Welcome to this instalment of our blog series concerning the GDPR. This blog will look at the responsibilities the GDPR places on data controllers and data processors when an individual’s data (the data subject’s) is shared with another EU member state. Additionally, it will look at the impact GDPR will have on organisations who share a data subject’s information with an organisation outside the EU.
When an organisation operates in two or more EU member states, the organisation has an obligation to determine who their lead supervisory authority is, for example, the Information Commissioner’s Office (ICO) in the UK. In determining who the lead supervisory authority is the following criteria are used:
- When a data subject’s data is processed or stored in more than one member state, the whereabouts within the EU of the main administrative centre of the organisation is key.. This will be where the decisions on the purposes for storing and processing data are made by ‘persons having significant control’ of the organisation.

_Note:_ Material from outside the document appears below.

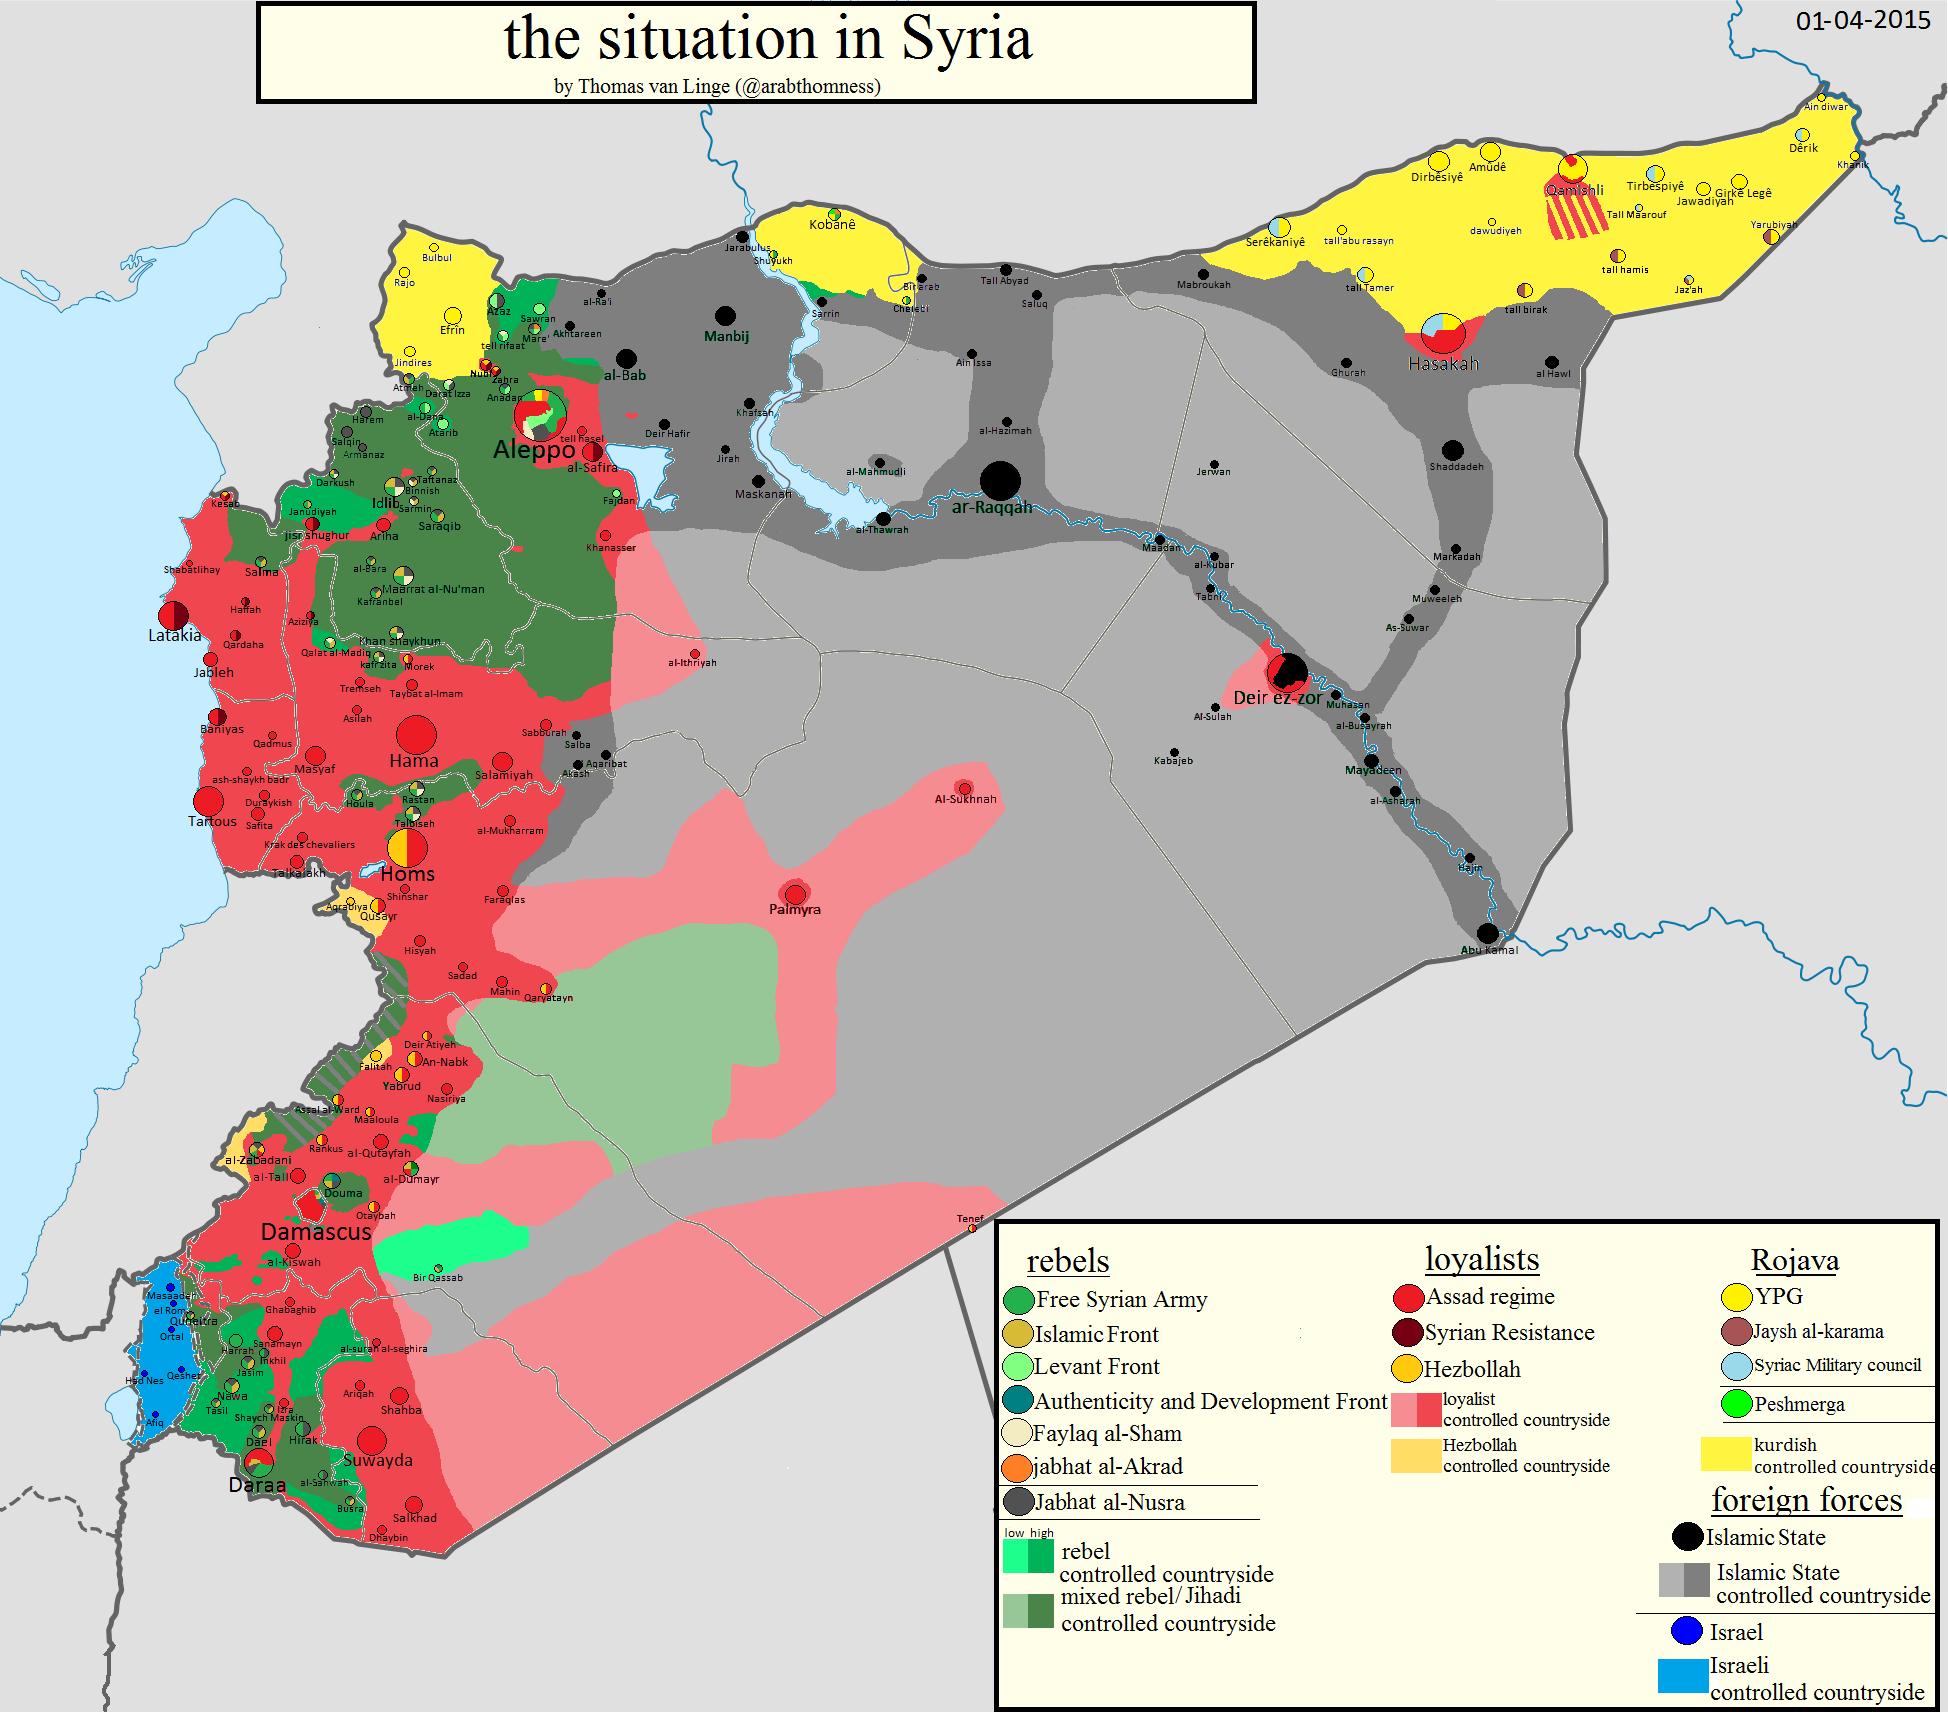 http://www.les-crises.fr/wp-content/uploads/2015/10/32-syrie-04-2015.png

- When all data storage and data processing is conducted in a single state, the supervisory authority for that state will automatically be the lead authority. To illustrate this, if an organisation has administrative centres in the UK, France, and Italy, but all data processing and data storage is carried out in Italy, then the Italian Data Protection Agency (IDPA) is the supervisory authority regardless of the state originating the data.
Should an organisation wish to transfer data outside the EU to either a third country or to an international organisation, the GDPR imposes restrictions that are aimed at ensuring a level of protection for the individual that is at least the equivalent of the GDPR An individual’s personal data may only be transferred outside the EU if all the conditions of Chapter V of the GDPR are met. The minutiae of Chapter V are beyond the scope of this blog. However, a brief outline that would serve as a very loose rule is that data transfers are permissible if the Commission has decided that a third country, territory or an international organisation with an administration centre in an otherwise non-compliant country outside the EU has ensured and proved an adequate level of protection.
Any organisation wishing to transfer data outside the EU for whatever purpose should seek not only the advice, but also the consent of their supervisory authority. Supervisory authorities are not there only to enforce the GDPR, but to assist organisations and individuals to understand and be compliant with the full requirements of the legislation.